I note that Julius.ai is making data analytics easier - just upload some data and ask for some charts and it does an ok job.
The problem of going from natural language to SQL is still a far from solved problem. The main benchmark for this is Bird-Bench and accuracy is only in the high 60s - https://bird-bench.github.io/
I have been working on making tables queryable using function calling, where you a fixed number of canned queries based on the primary key and an event-time column. PyData talk on this - https://www.youtube.com/watch?v=dRcjTe5qgwM
It is not super hard to find UI designed for end users, these days.

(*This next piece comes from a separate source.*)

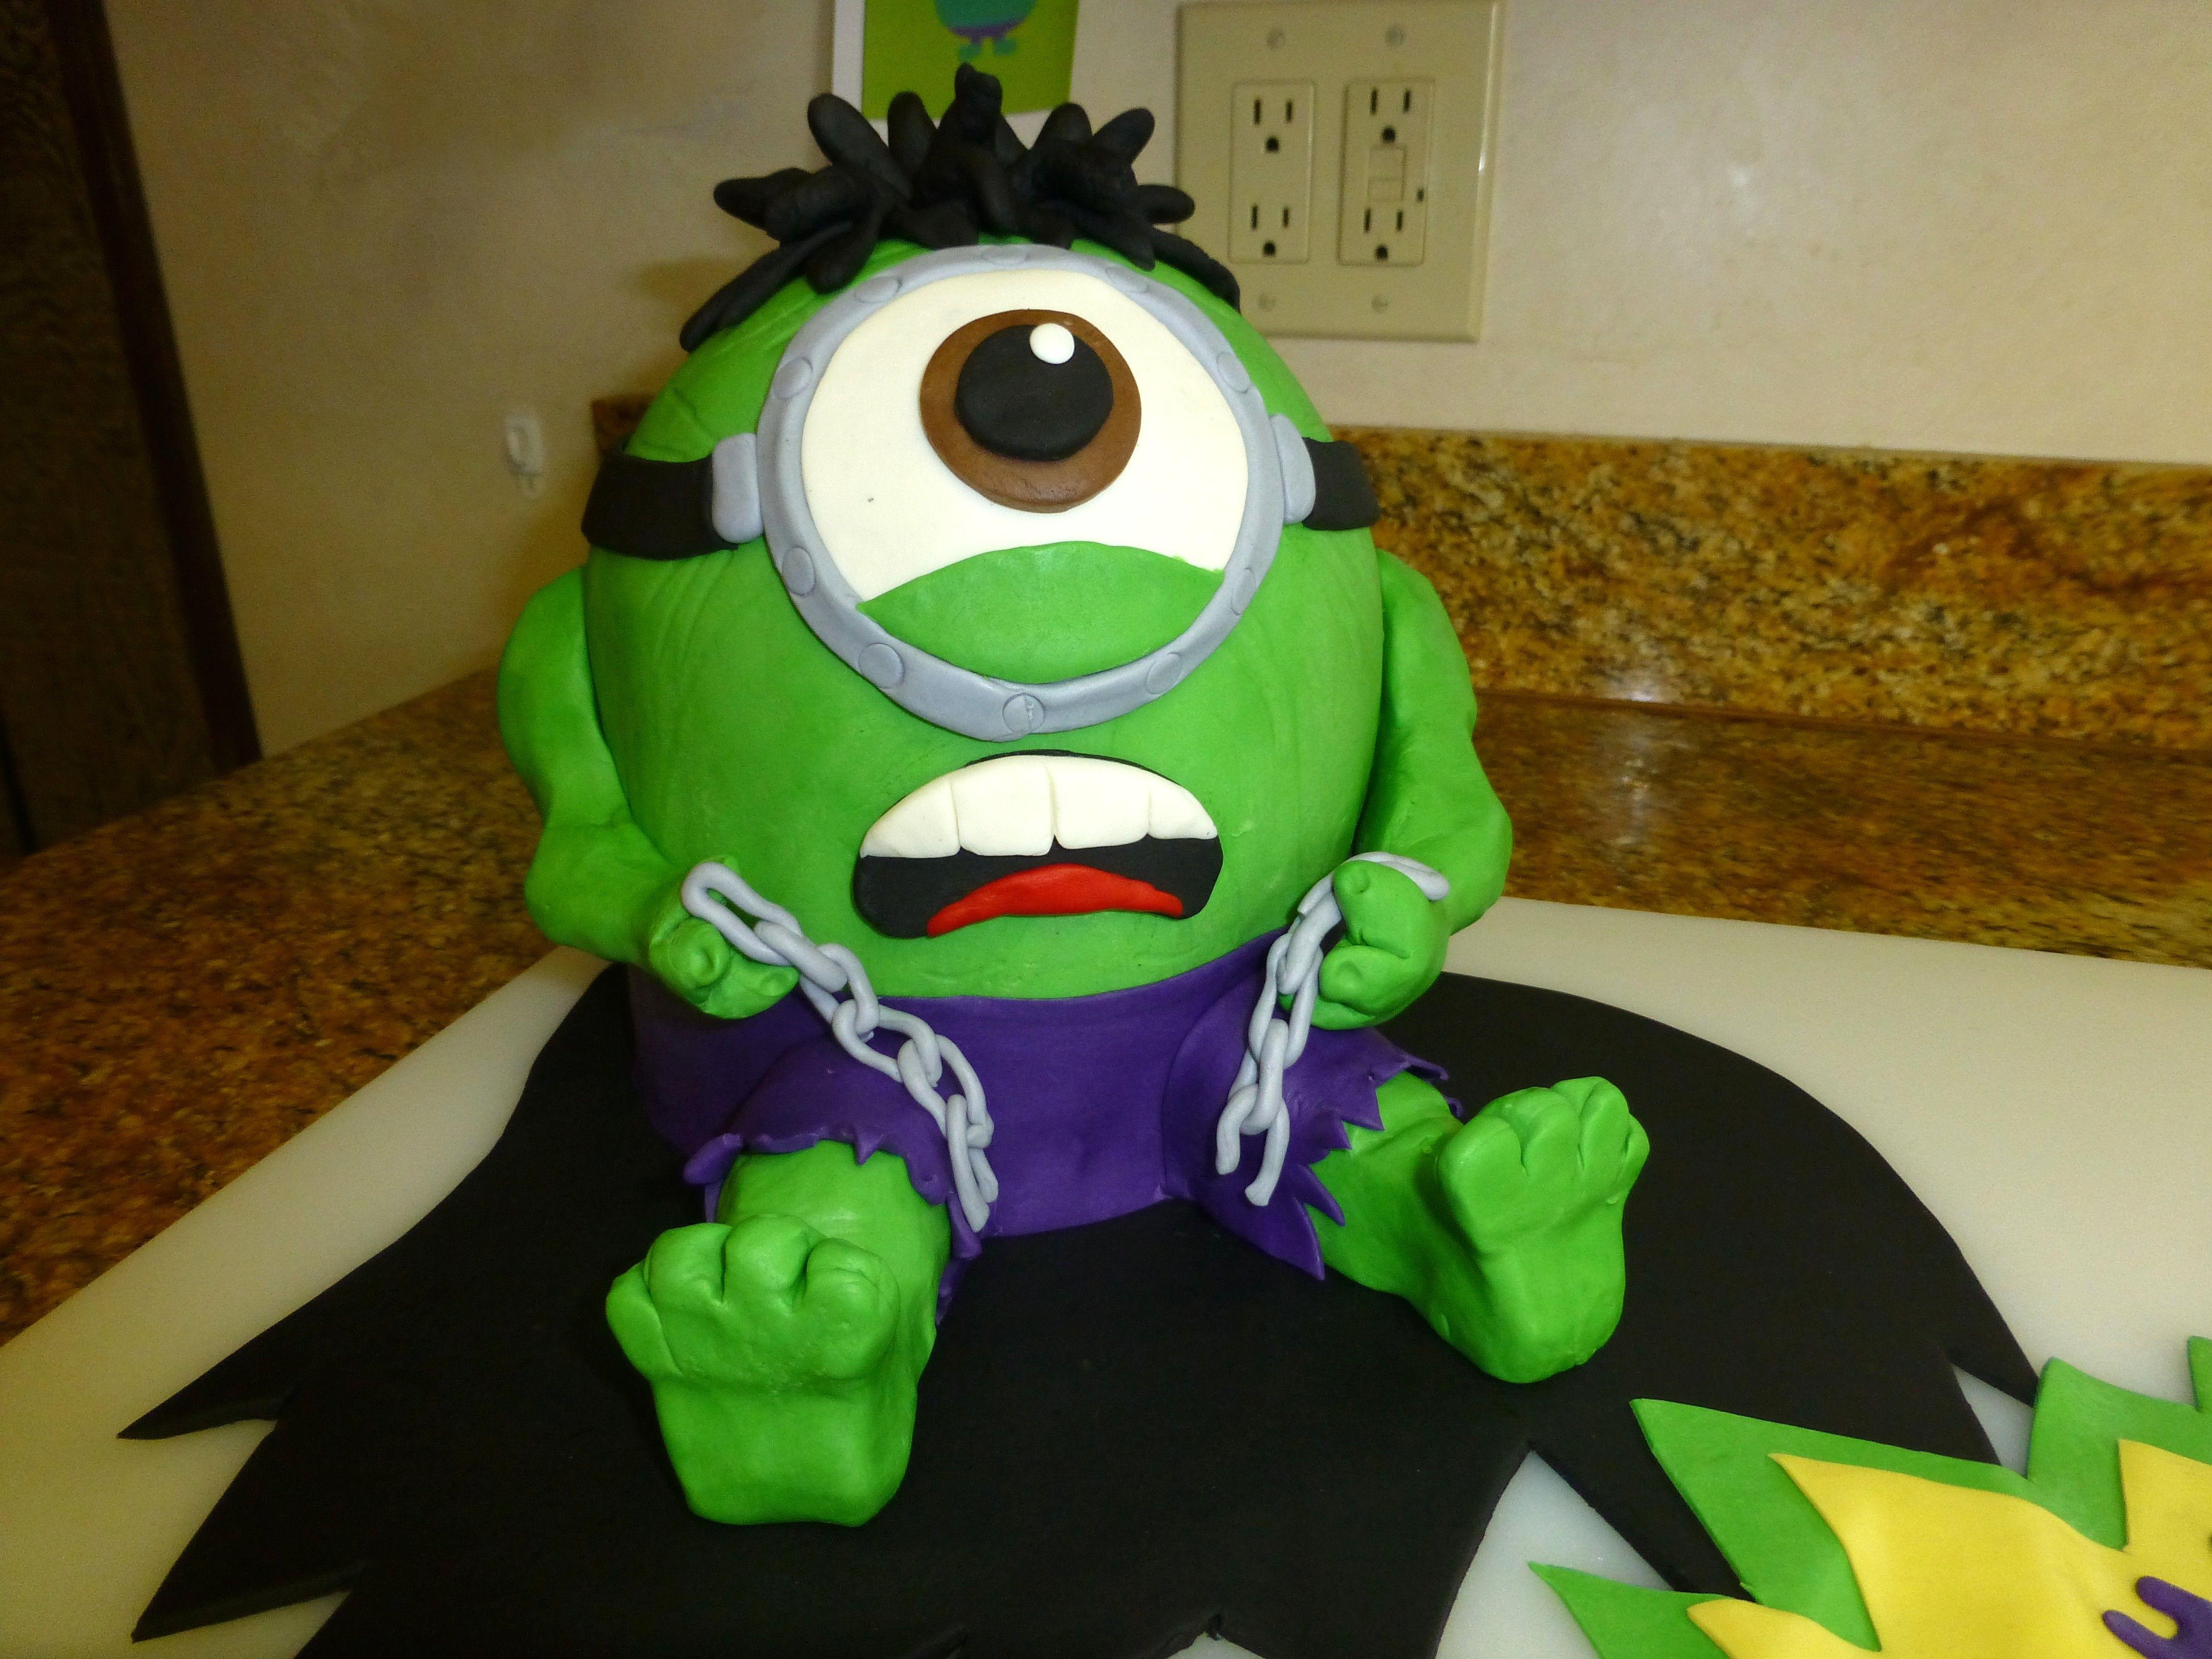 Hulk Minion PASTRY FUN Pinterest Minion cakes Cake and Cake

If you know the basics such as what a relational database is, then here’s is a good UI: https://visualdb.com
Actually this can be done by nested query, without joining. I prefer nested query than joins. Because join is "global" and nested query is "local" (global means interfering with the whole SQL statement). The local one is easier to understand.
This is a SELECT with 5 joins:
Foo.objects.filter(a__b__c__d__e=3)
Types are respected, valid relations exist and invalid relations do not. Clean.SQL is not going to go away. It's relatively easy to learn.
I'm going to disagree. I could call my travel agent and say "I am going to Chicago on <date> I need to be there by <time> call me back with a couple of nonstop options. And I'll need a room at the Hilton and Towers for two nights."
vs. today I can spend my own time navigating travel sites, avoiding their dark patterns, wondering if I'm really getting the best prices, making sure I understand the terms (is this refundable? are any checked bags included?) etc and then do the same for the hotel booking.
If you work in a business with a travel department or assistants who can manage your travel you have an idea, compared to the hassle of doing it all yourself.